In some cases, even the protection system gives itself away:
GET /web-console/ServerInfo.jsp%00 HTTP/1.0
HTTP/1.0 200
Pragma: no-cache
Cache-Control: no-cache
Content-Type: text/html
Content-Length: 83
<TITLE>Error</TITLE>
<BODY>
<H1>Error</H1>
FW-1 at XXXXXX: Access denied.</BODY>
Example of the security server of Check Point Firewall-1 NG AI “protecting” a web server
Reverse proxies can also be introduced as proxy-caches to accelerate the performance of back-end application servers. Detecting these proxies can be done based on the server header. They can also be detected by timing requests that should be cached by the server and comparing the time taken to server the first request with subsequent requests.

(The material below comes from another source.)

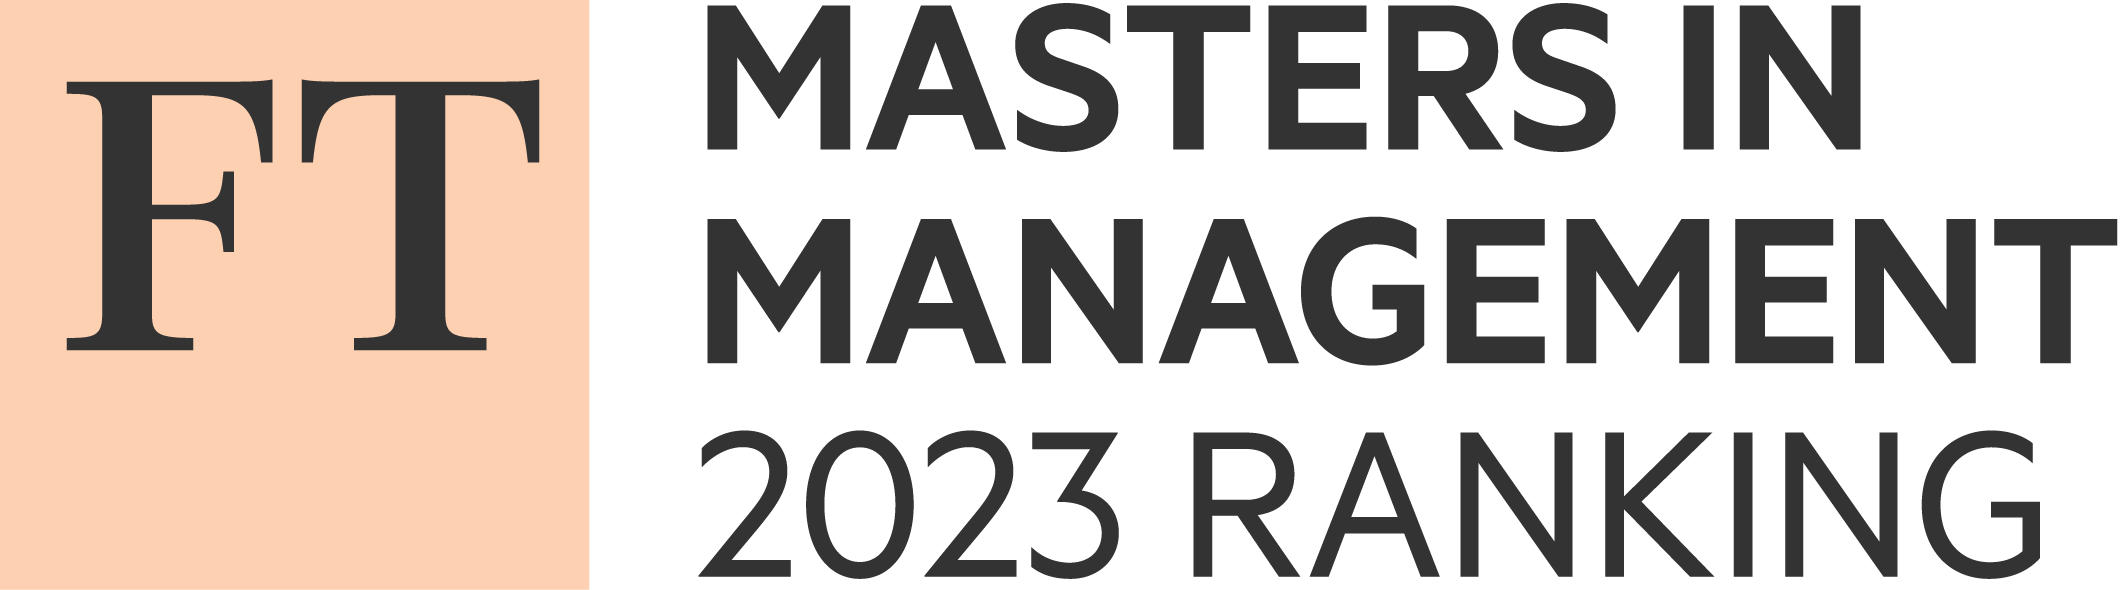 FT_RANKINGS_2023__MASTERS_IN_MANAGEMENT_RGB.png

Another element that can be detected is network load balancers. Typically, these systems will balance a given TCP/IP port to multiple servers based on different algorithms (round-robin, web server load, number of requests, etc.). Thus, the detection of this architecture element needs to be done by examining multiple requests and comparing results to determine if the requests are going to the same or different web servers. For example, based on the Date header if the server clocks are not synchronized. In some cases, the network load balance process might inject new information in the headers that will make it stand out distinctively, like the AlteonP cookie introduced by Nortel’s Alteon WebSystems load balancer.
Application web servers are usually easy to detect. The request for several resources is handled by the application server itself (not the web server) and the response header will vary significantly (including different or additional values in the answer header). Another way to detect these is to see if the web server tries to set cookies which are indicative of an application web server being used (such as the JSESSIONID provided by some J2EE servers), or to rewrite URLs automatically to do session tracking.
Authentication back ends (such as LDAP directories, relational databases, or RADIUS servers) however, are not as easy to detect from an external point of view in an immediate way, since they will be hidden by the application itself.
The use of a back end database can be determined simply by navigating an application. If there is highly dynamic content generated “on the fly," it is probably being extracted from some sort of database by the application itself. Sometimes the way information is requested might give insight to the existence of a database back-end. For example, an online shopping application that uses numeric identifiers (‘id’) when browsing the different articles in the shop. However, when doing a blind application test, knowledge of the underlying database is usually only available when a vulnerability surfaces in the application, such as poor exception handling or susceptibility to SQL injection.